Tuesday 2 December 2014

Process Mineralogy '14 Conference Diary

Process Mineralogy '14 was held at the Vineyard Hotel, Cape Town from November 17-19, 2014. The 3rd in MEI's series of process mineralogy conferences, it was also the smallest, reflecting the current depressed state of mineral commodities, particularly gold and PGMs, but we thank the companies who provided generous corporate support:

Monday November 17th

Jon opened the conference this morning and welcomed the 74 delegates representing 15 countries. Numbers are down in comparison with Process Mineralogy '12, but most of the companies and institutions that were present two years ago are represented, albeit with fewer delegates from each institution- a sign of the hard times.

MEI Consultant Dr. Megan Becker, of the University of Cape Town, then summarised what we have in store over the next few days, indicating that using mineralogy for prediction is a major theme of the conference.

Megan is back in Cape Town after spending the last 2 months at Luleå University of Technology (LTU) in Sweden as a visiting scholar on the Emerald International Georesources Engineering Erasmus Mundus Masters Programme. The International Masters programme is run through 4 European Universities: University of Liege (Belgium), University of Lorraine (France), Luleå University of Technology (Sweden) and Technical University of BergakademieFreiberg (Germany) entailing the students spending time at each of these institutions. Hosted by Prof. Pertti Lamberg, Prof. of Geometallurgy at LTU, her visit entailed teaching and interacting with the international class of students who are currently based in Luleå studying geometallurgy and mineral processing.

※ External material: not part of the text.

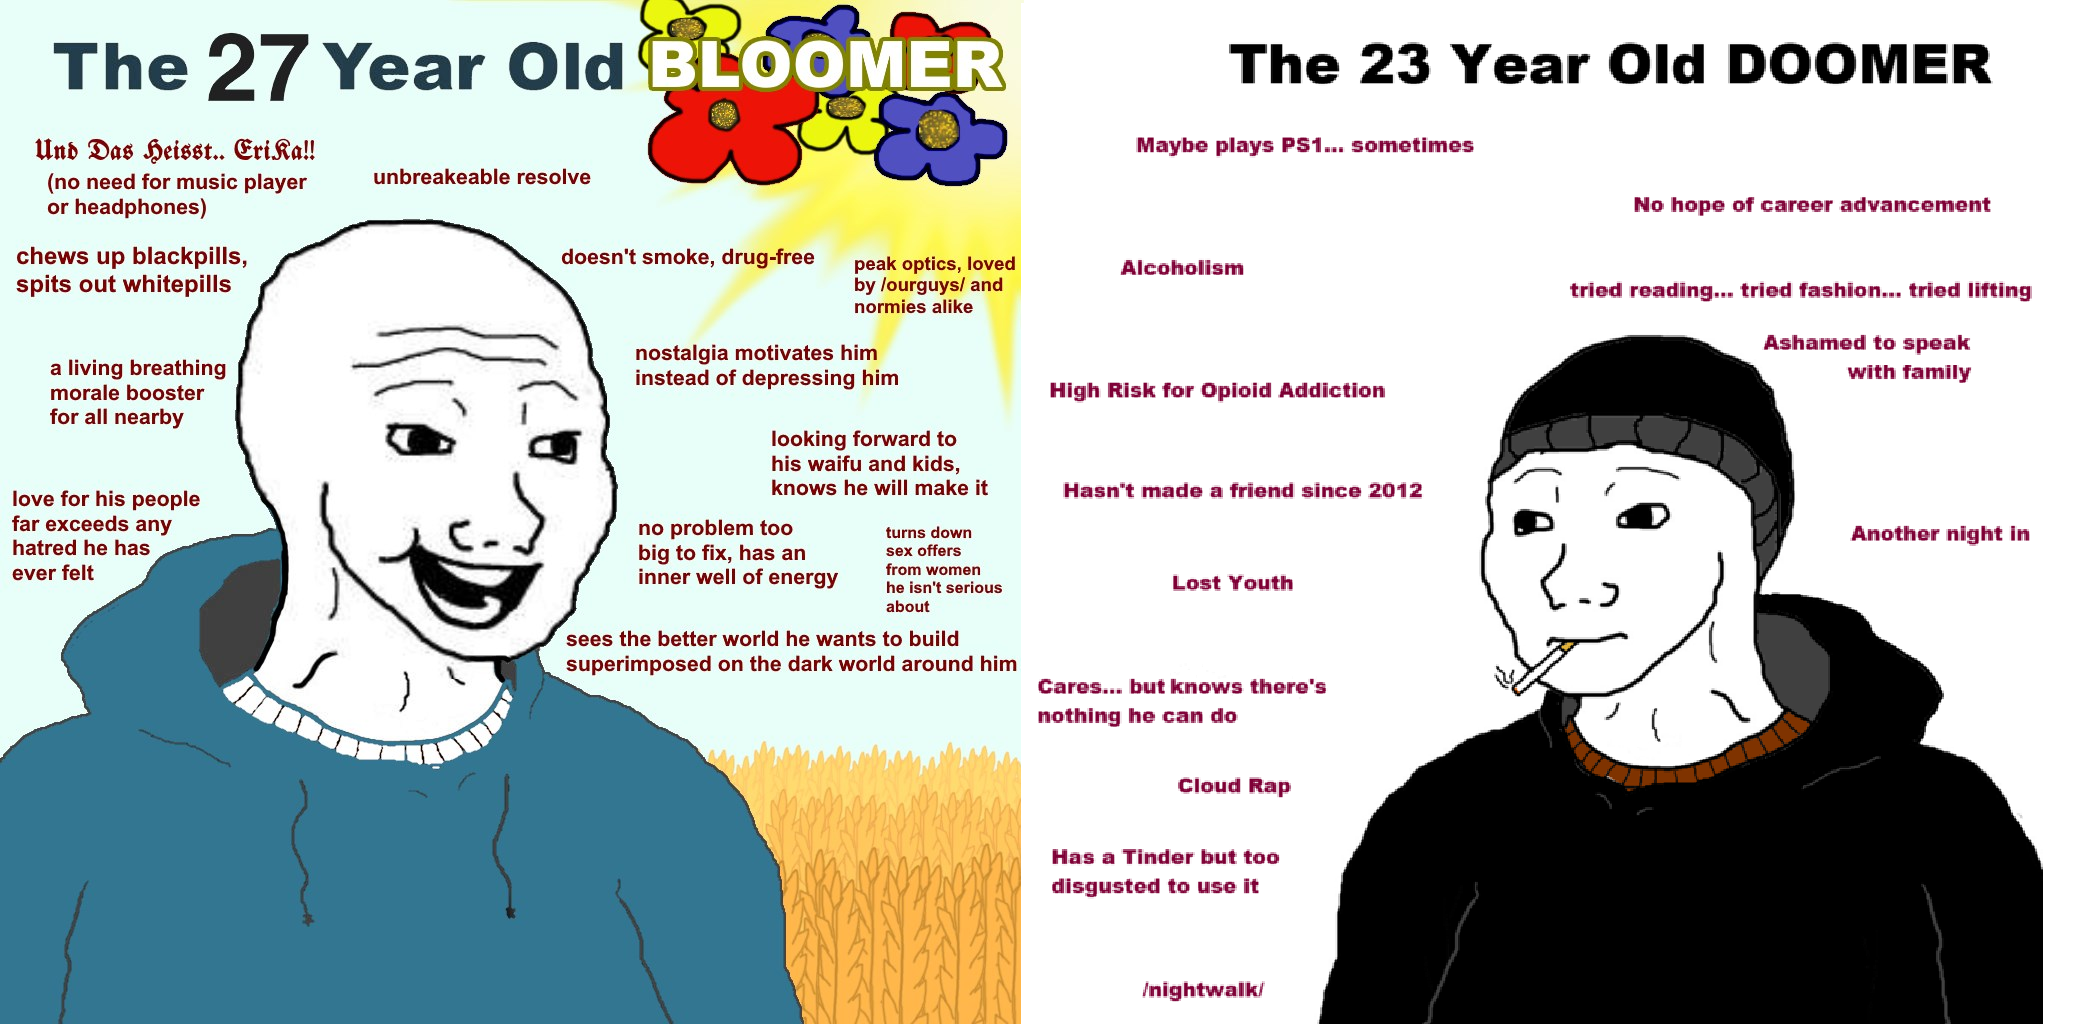 Bloomer ja Doomer
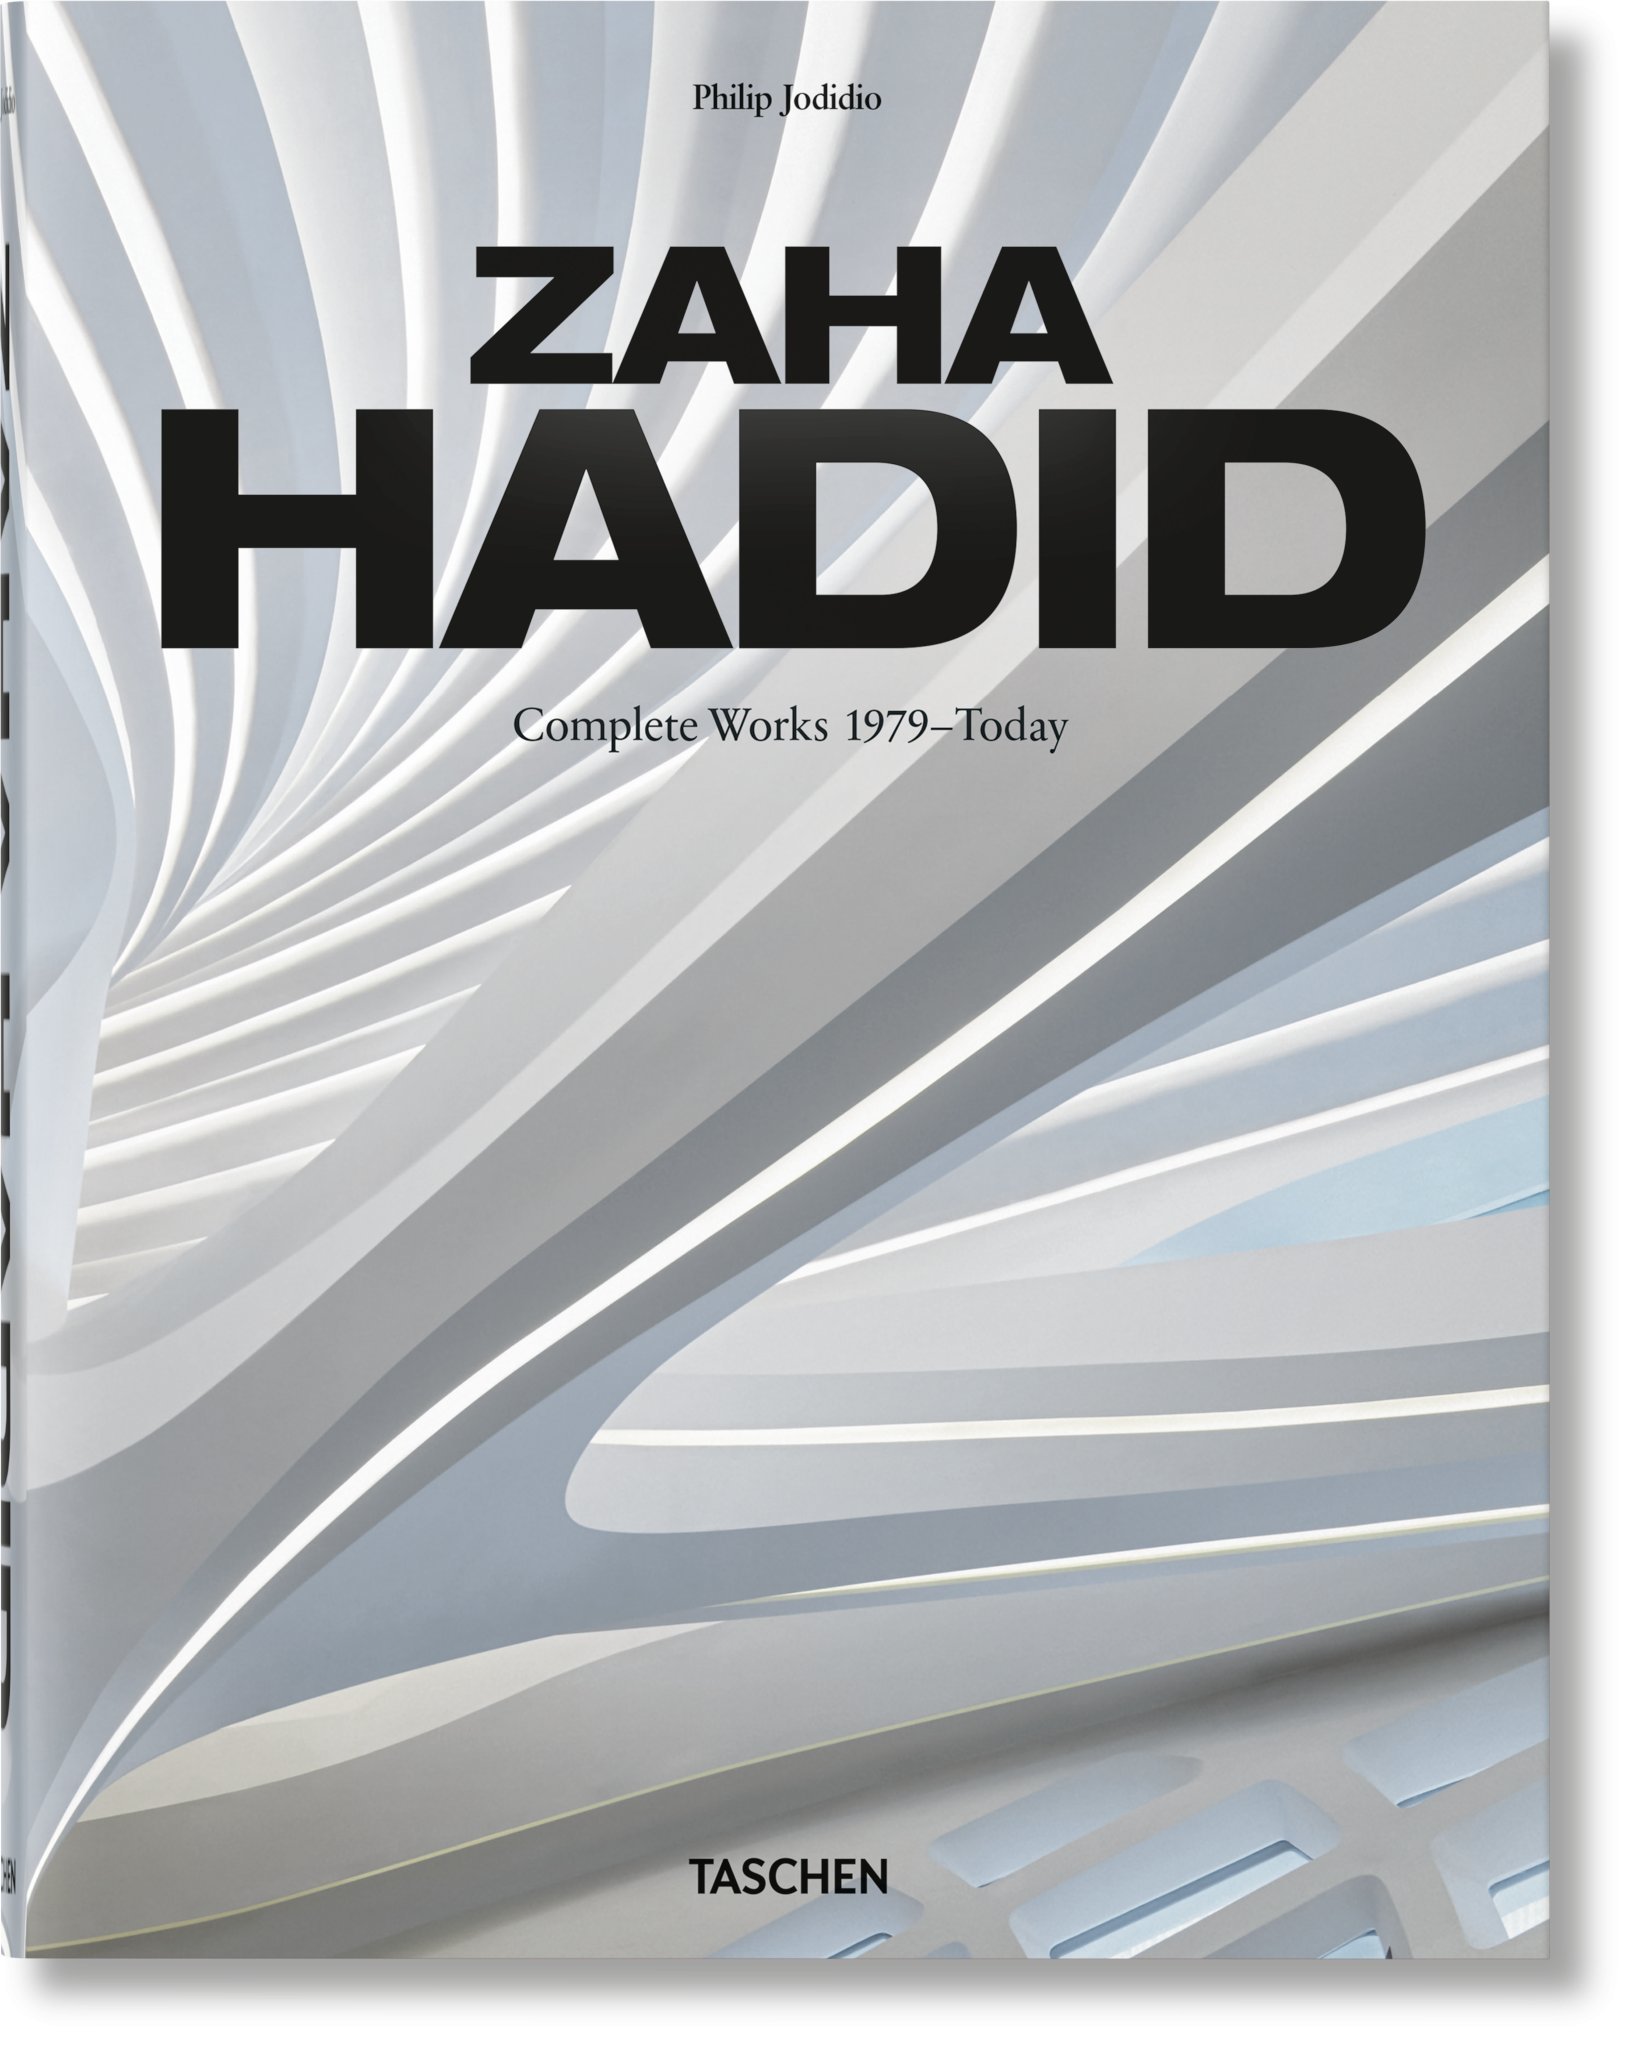 ju hadid update 2020 cover 03441 Taschen honra la obra de Zaha Hadid en la nueva edición de su libro

Megan Becker (centre seated) and Pertti Lamberg (2nd left seated)
at LTU with international students
And it was Luleå University's Pertti Lamberg who got the conference off to a fine start with his opening keynote lecture, discussing the use of automated mineralogy for modeling and simulating beneficiation processes as a way forward in process mineralogy. The majority of process mineralogical studies can be described as optimization problems where conditions for the best economic and most resource efficient processing are sought. For solving such problems the raw process mineralogical data is not enough; optimal solution can be found only through modeling and simulation. Automated mineralogy provides accurate and detailed information on processed materials but this data is currently only partly utilized since the use of liberation information in modeling and simulation is very rare. He described the steps needed for establishing such simulations; from experimental work and liberation analyses via mass balancing, model development and model fitting to simulation of different scenarios.

This was followed by a number of papers describing the measurement and interpretation of mineral textures, a controlling factor in mineral liberation, and the use of such information in designing comminution and flotation circuits. Four of these were given by the 5-woman strong team from Australia's JKMRC, led by senior scientist Elaine Wightman, and including three graduates from the Philippines.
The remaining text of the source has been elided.